По ночам Тыковлев плохо спал. Днем обязательно по многу раз смотрел “Известия” и политические передачи по телевизору. Закипала злость. Как человек, всю жизнь руководивший работой средств массовой информации, Тыковлев приходил в раздражение от убогости материалов, легковесности суждений и обращения с фактами, нарастающего непрофессионализма журналистской братии. Пробовал звонить знакомым в газеты, в Останкино. В ответ слышал, что не надо расстраиваться. Главное, что утверждается свобода печати. Она не родится сама собой, без мук и перекосов. Но со временем все устоится.

Внутренне соглашался с этим. Ложился на диван. Опять включал радио, которое сообщало, что международное сообщество демократических государств, как стало доподлинно известно “Эху Москвы”, намерено вложить один миллиард долларов в развитие сельского хозяйства Кемеровской области. Переговоры об этом начаты с кемеровской администрацией.

– Что за чушь! – вскакивал с дивана Тыковлев. – Кто и с какой стати будет вдруг вкладывать миллиард долларов в сельское хозяйство Кемеровской области? Да понимает ли этот корреспондентишка вообще, что такое миллиард? Что несут, что говорят, черти! Редактор-то у них там хоть какой-нибудь есть? Взрослый, нормальный редактор со стажем работы.

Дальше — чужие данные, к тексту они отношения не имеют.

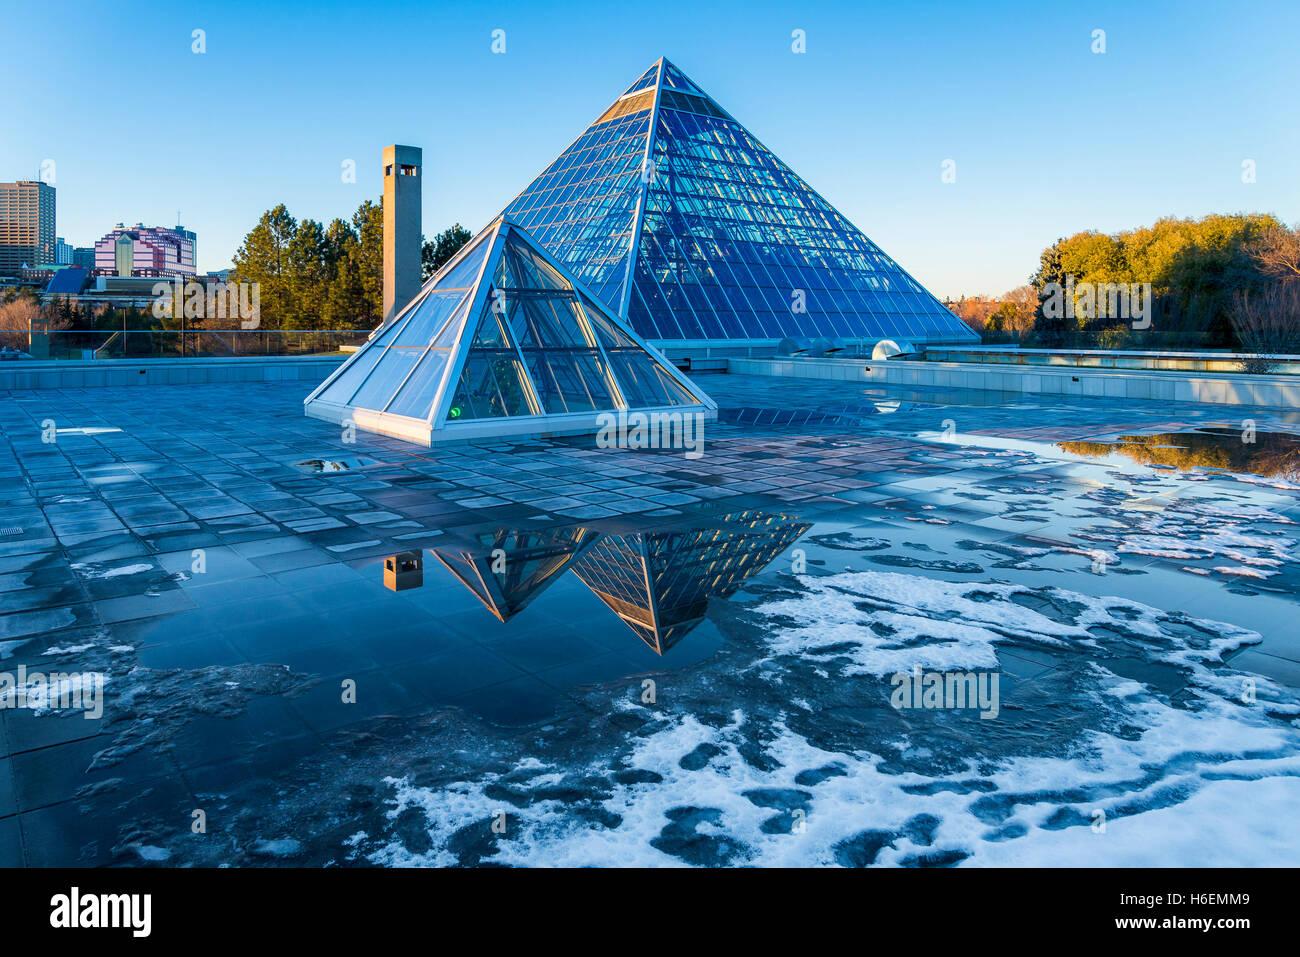 Conservatorio Muttart pirámides, un jardín botánico en Edmonton, Alberta, Canadá Imagen De Stock

Ложился на диван, чтобы через минуту опять подскочить как ужаленный. На сей раз радио с восторгом сообщало, что президент Ельцин “отстегнул” часть гонорара за издание своей книги “Исповедь на заданную тему” на закупку особо прочных презервативов для российских гомосексуалистов. Тем самым президент внес крупный вклад в осовременивание нравов российского общества и в борьбу против распространения СПИДа.

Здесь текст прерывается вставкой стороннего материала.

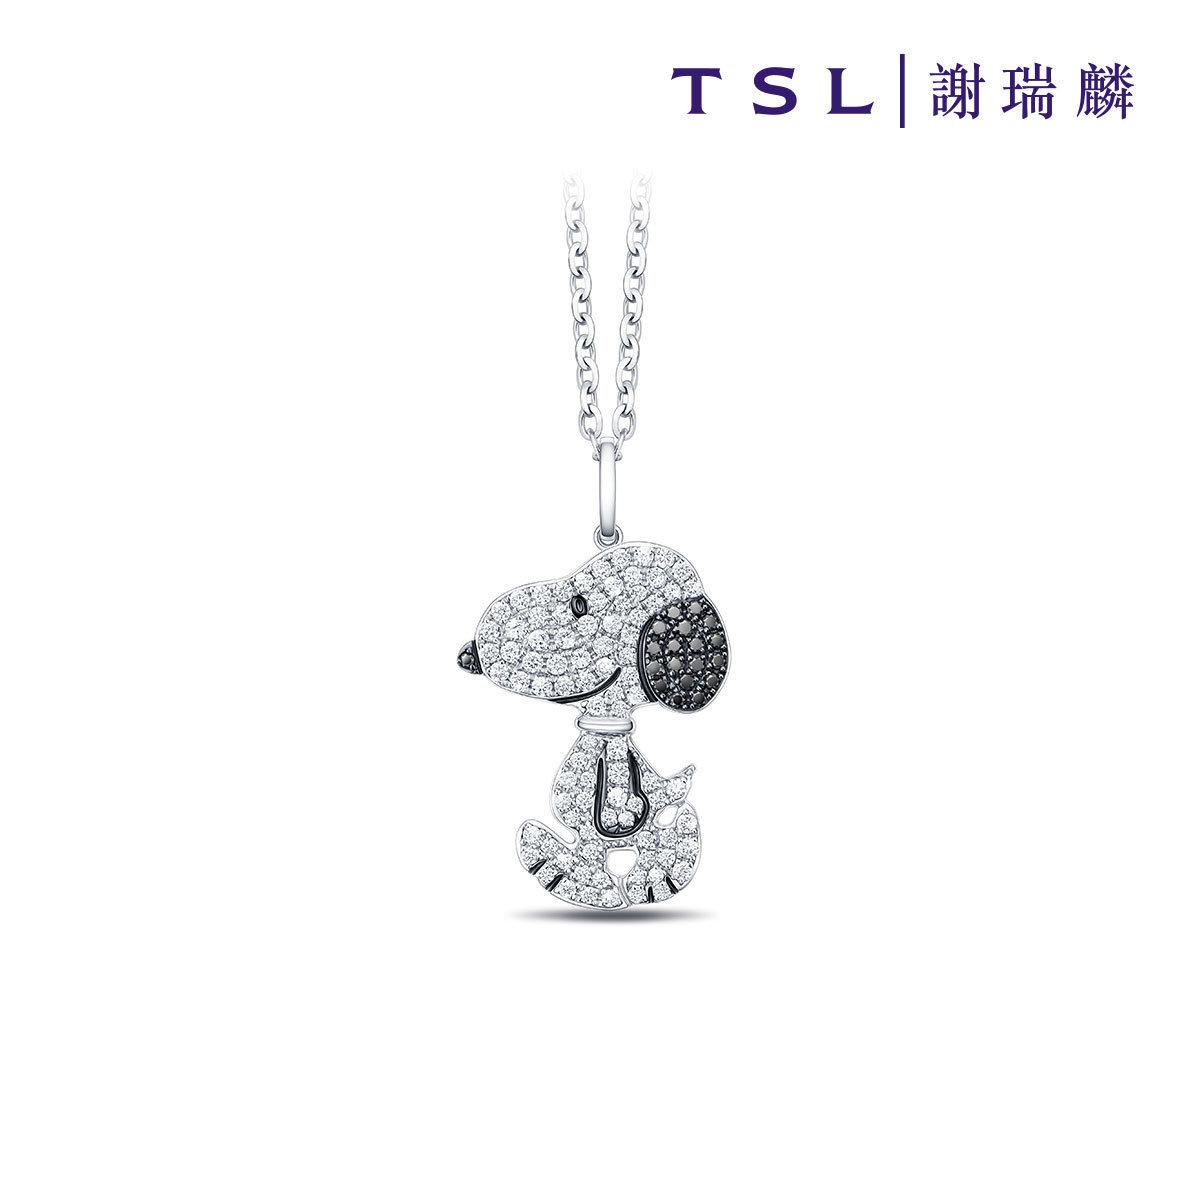 Snoopy 18K White Gold With Black and White Diamond Pendant

– Совсем спятили, – ругался Тыковлев. – Ты только послушай, Татьяна, что говорят. Да раньше бы за это всю редакцию разогнали и правильно бы сделали.

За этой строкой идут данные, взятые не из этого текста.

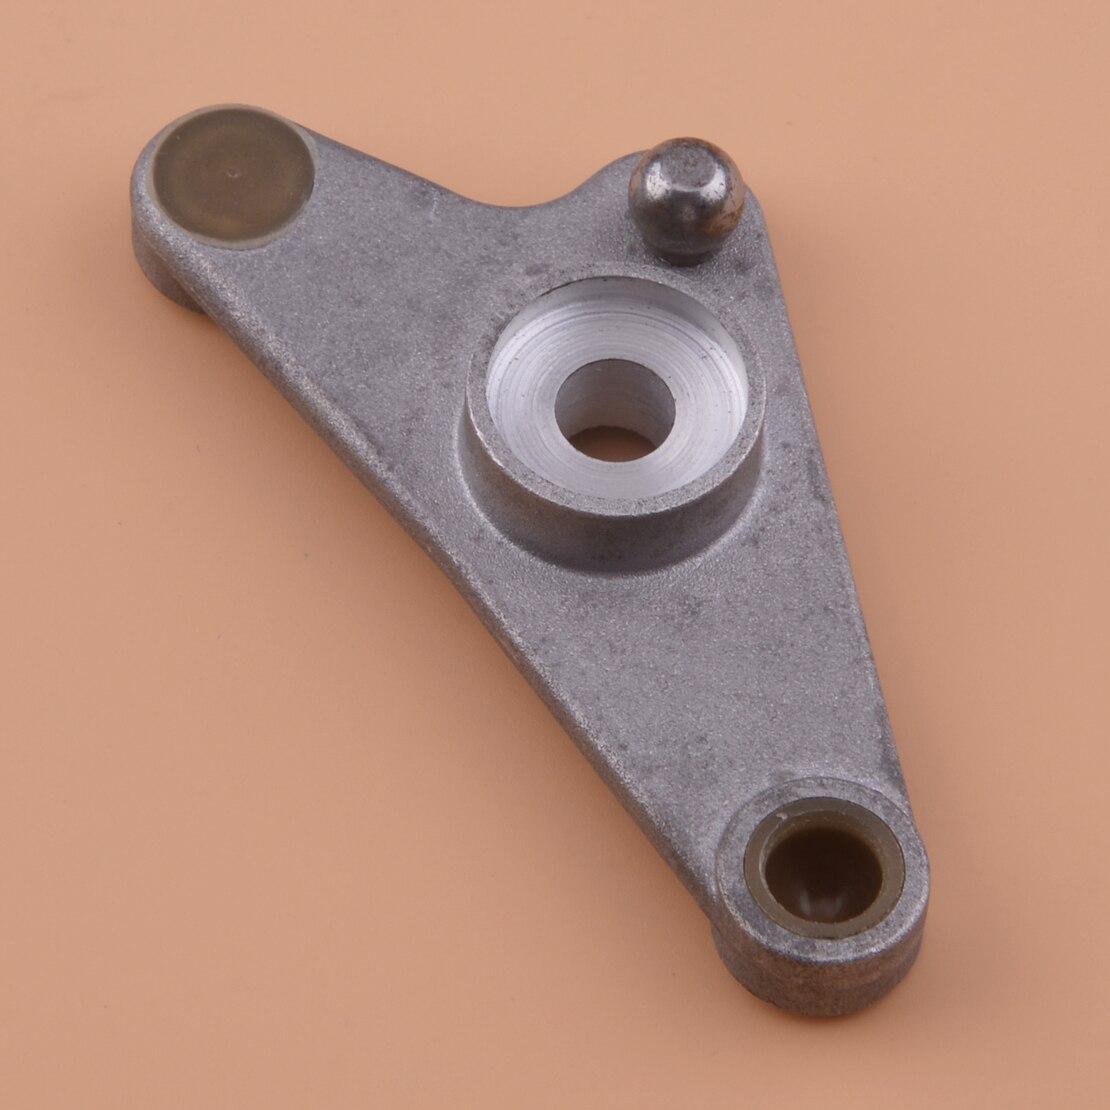 Beler อลูมิเนียม Intake Manifold Air Flap Runner ชุดซ่อมเครื่องมือ Fit สำหรับ Mercedes Benz M272 272 140 24 01

– А тебе что? Ты за них не отвечаешь, – пожимала Татьяна плечами. – У них свои начальники есть. Может, им очень надо именно гомосеков сейчас на свою сторону привлечь. А может, сами они... Вон почитай! “Московский комсомолец” про создание общества некрофилов пишет, своих корреспондентов в иностранные публичные дома посылает, чтобы, значит, опыту организации этого дела поднабраться. Наверное, теперь так надо.

– Не надо! – обрывал жену Тыковлев.

– Ну, не надо, так обратись к своим друзьям. Может, они тебя в цензоры поставят.

– Да какие еще цензоры, – злился Тыковлев. – Покончено с цензурой.

– Вот-вот, покончено. А раз покончено – значит будут деньги зарабатывать и на гомосексуалистах, и на порнографии, и вообще на чем угодно, лишь бы платили. Ты думаешь, почему они тебя никуда не зовут на работу? Мешать будешь. Сиди лучше дома да книжки свои пописывай. Или иди к Михаилу Сергеевичу. Заседай с ним в его фонде. Может, социал-демократическую партию какую организуете с ним на двоих.

– Надоел он мне, – махнул рукой Тыковлев. – Кончился он.

– Ага, и ты вместе с ним, – с вызовом ответила Татьяна. – Два сапога пара.

*   *   *

Писать книжки оказалось непростым делом. Прежде всего вставал вопрос: про что? Горбачев с Черняевым, забрав из разгромленного ЦК ворохи казенных бумаг, работали методом “режь – клей”, испекая один за другим толстые фолианты воспоминаний. А что мог в этих условиях Тыковлев? Писать про те же события, те же лица со своей колокольни? Не хотелось. Тема была прочно занята другими. Повтор бы получался, да и расхождения в оценках с Михаилом Сергеевичем были бы неизбежны. Как говорится, не любо – не слушай, а врать не мешай. Не того ждала страна от Тыковлева. Но вот пойди угадай, чего она ждала. Верно, чего-то крупного, фундаментального. Откровения апостола Александра, так сказать, на которого сошло озаренье.

И решился Саша не размениваться на мелочи, а начать с того, чтобы разгромить марксизм-ленинизм – идейно-философски, исторически, политически, научно и организационно. Правда, не он, конечно, первый. И раньше марксизм и Ленина многие ниспровергали. Да только что это были за ниспровергатели! Моськи, пигмеи. Они писали, а над ними смеялись, потому что ничего у них на практике не получалось. У Тыковлева было неоспоримое преимущество. У него вроде бы получалось. Рухнул марксизм-ленинизм в Советском Союзе, а заодно и сам Советский Союз, то есть вся тысячелетняя Россия. Так уж получилось. Жалко, но ничего не попишешь. На вершине этой груды обломков стоял Саша Тыковлев и смотрел вдаль, прочерчивая новые линии горизонтов. Кому, как не ему, идеологу  перестройки и главному жрецу марксизма в СССР, изречь теперь заветное слово.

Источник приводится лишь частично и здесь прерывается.